(Given material)

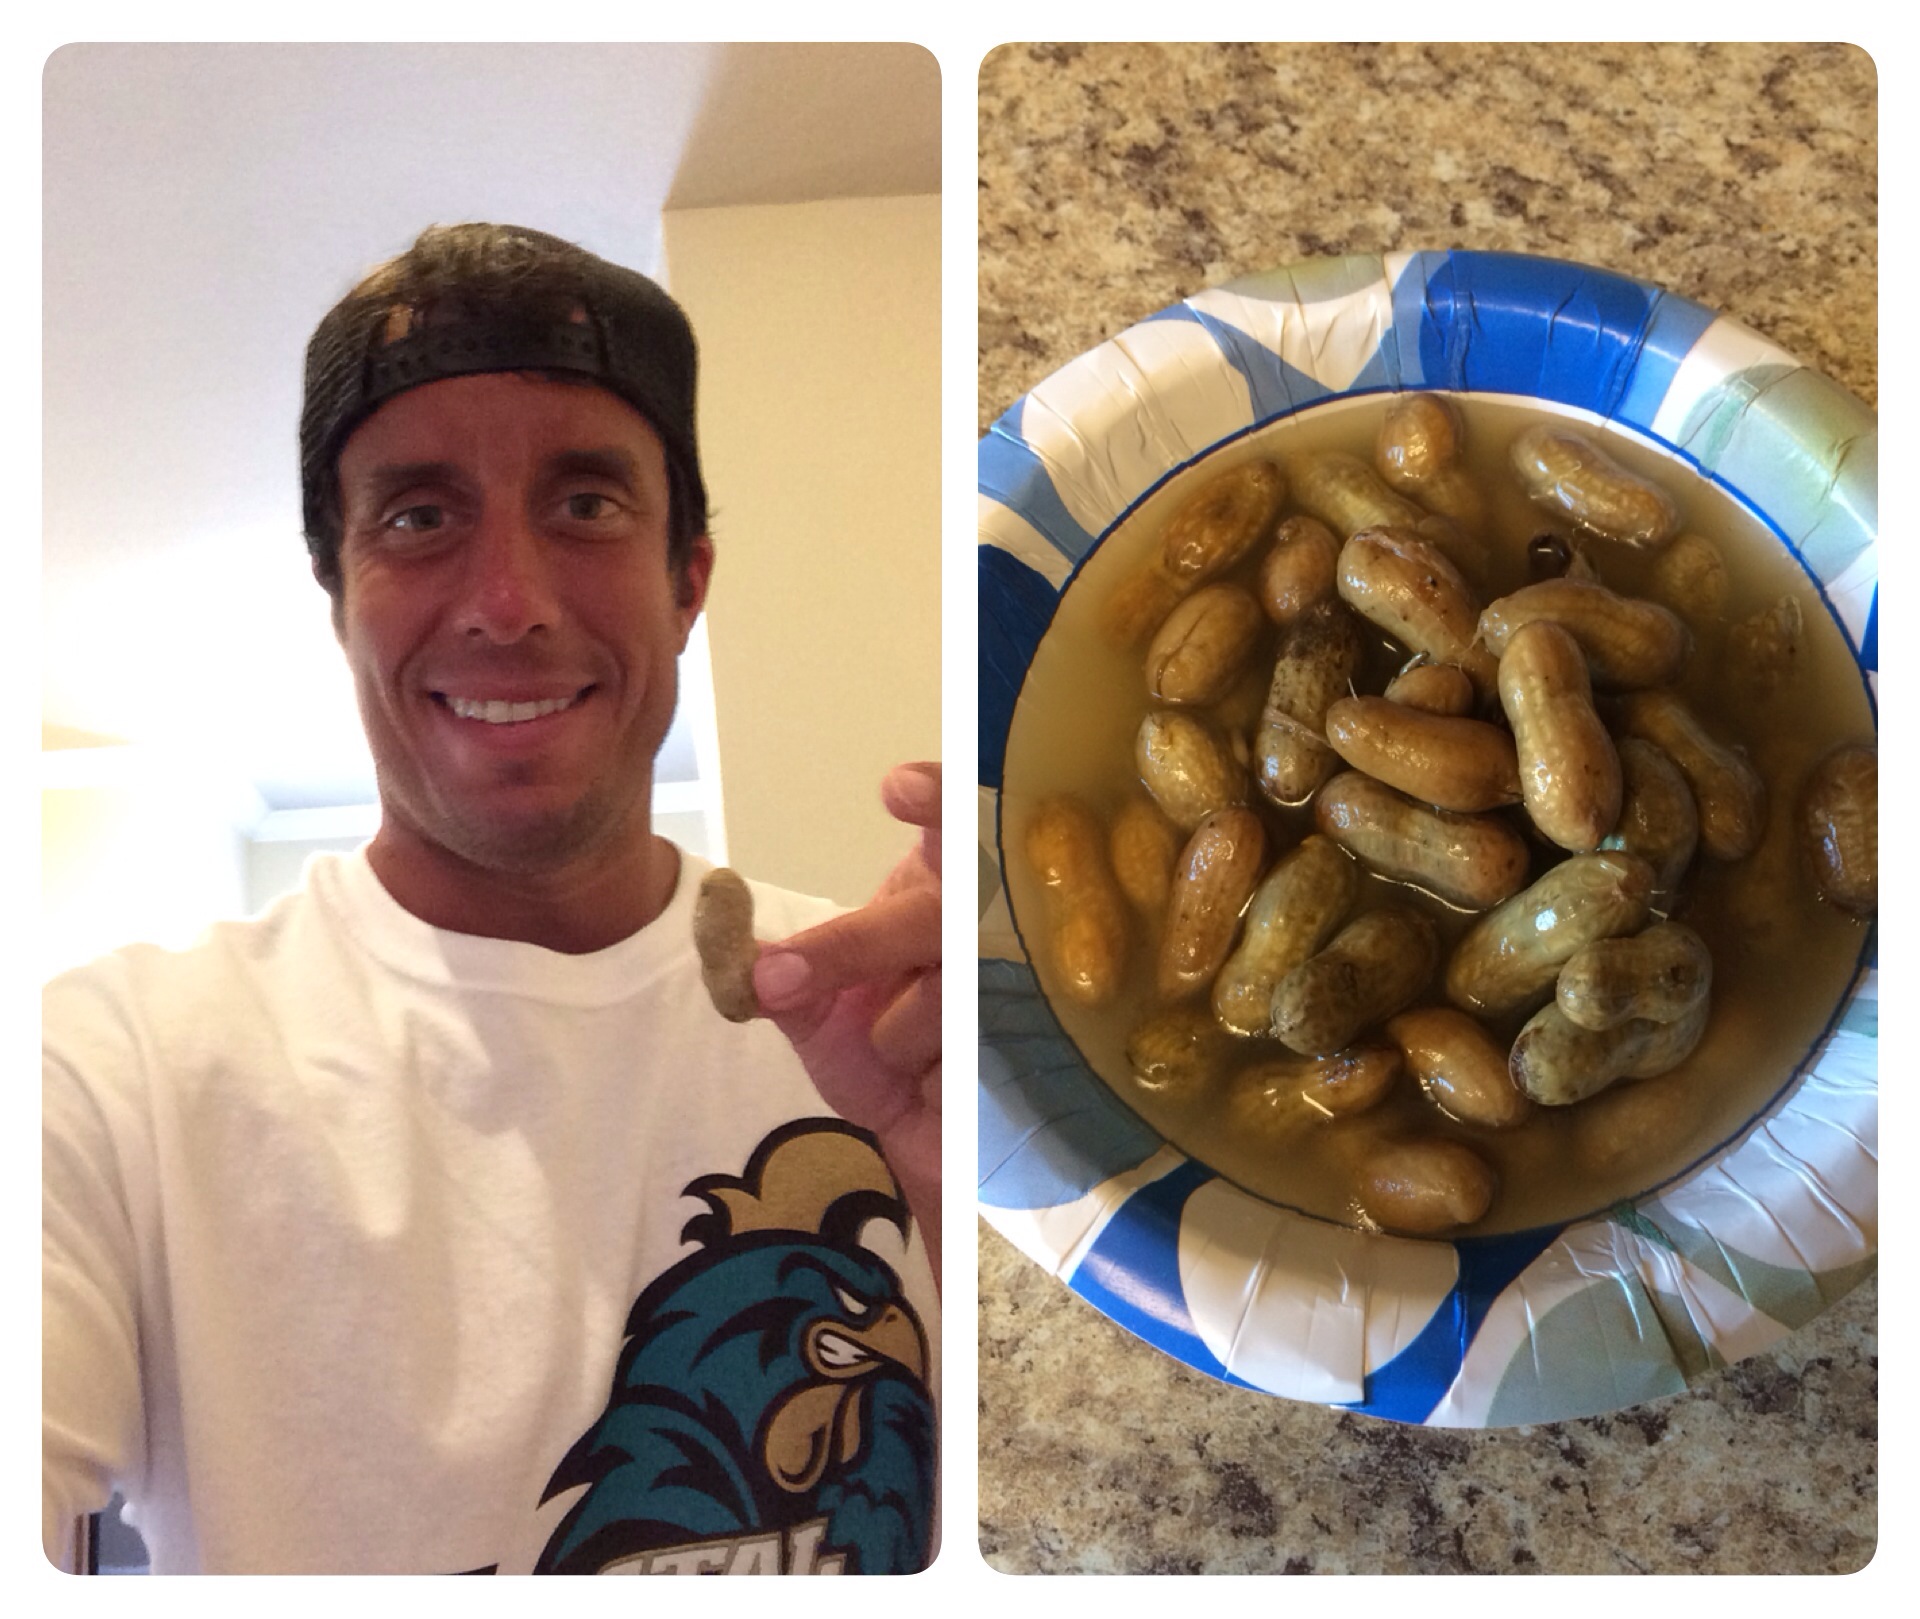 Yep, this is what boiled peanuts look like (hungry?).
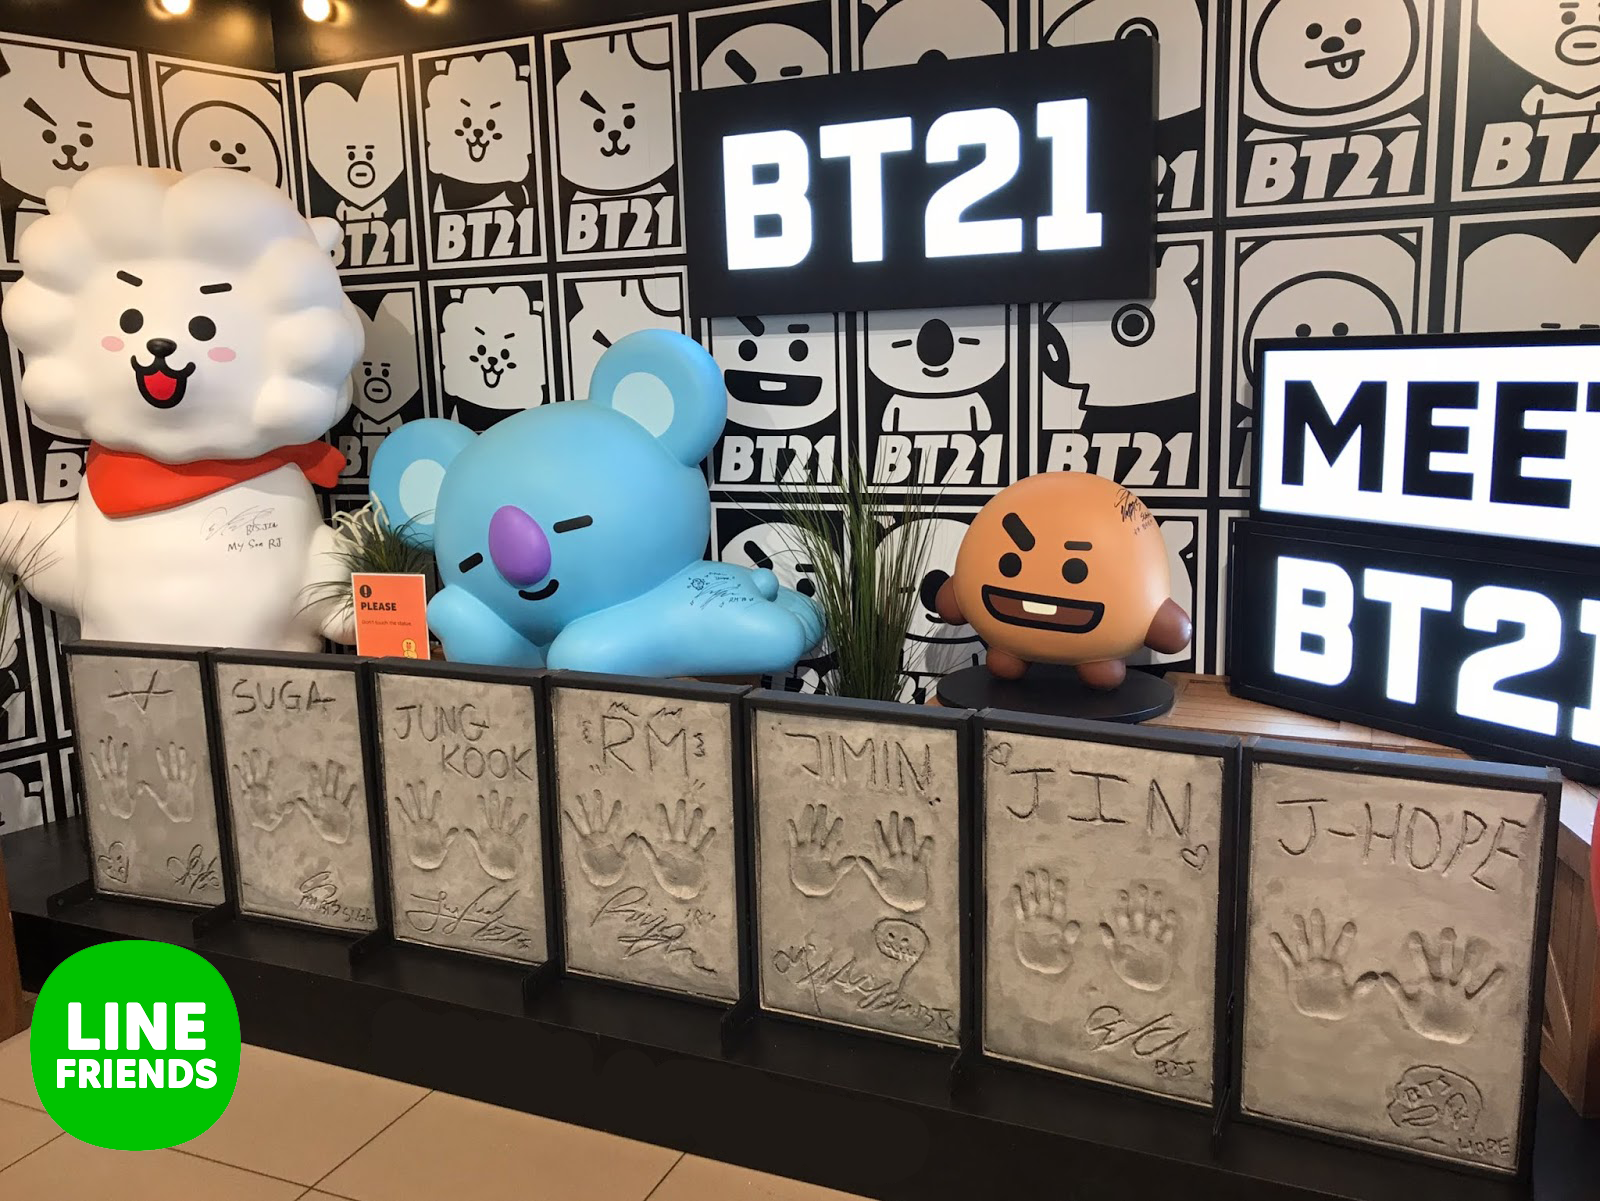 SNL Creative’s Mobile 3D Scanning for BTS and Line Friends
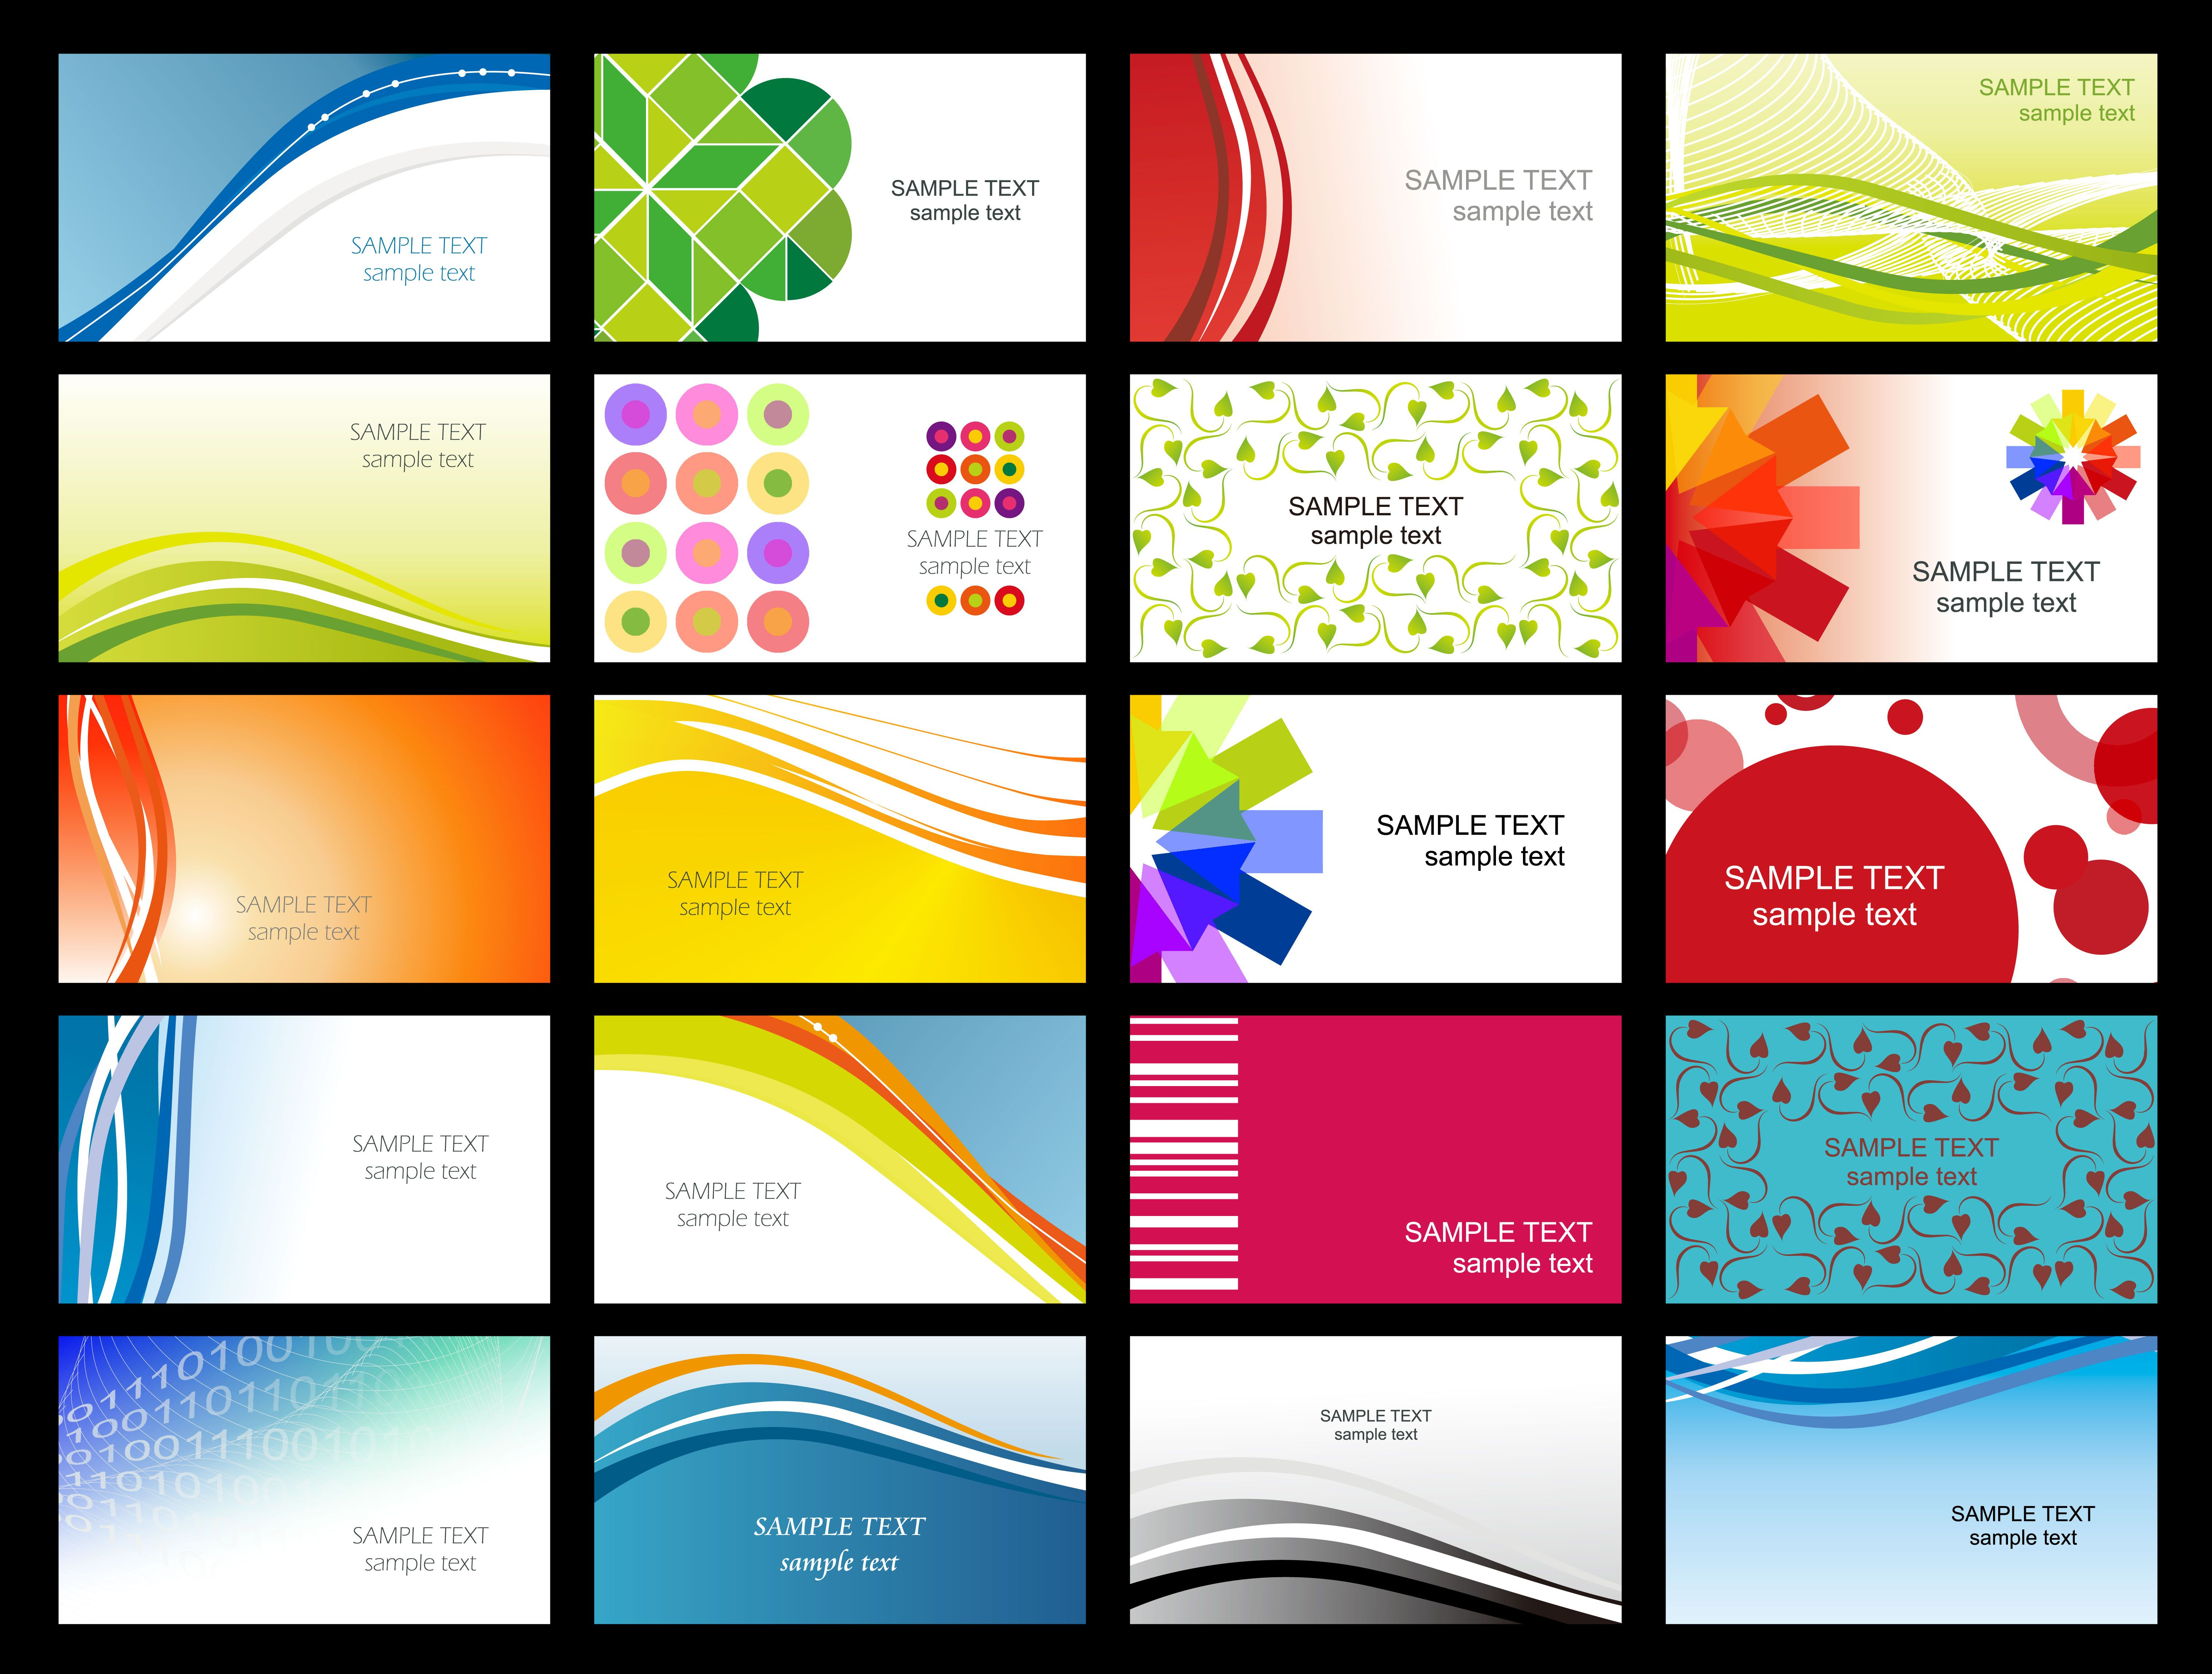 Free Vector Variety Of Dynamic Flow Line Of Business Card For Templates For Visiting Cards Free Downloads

(End Given material)

I'd like the material repeated word for word, without the pictures it holds.

* Response to this exercise *
 Yep, this is what boiled peanuts look like (hungry?).
 SNL Creative’s Mobile 3D Scanning for BTS and Line Friends
 Free Vector Variety Of Dynamic Flow Line Of Business Card For Templates For Visiting Cards Free Downloads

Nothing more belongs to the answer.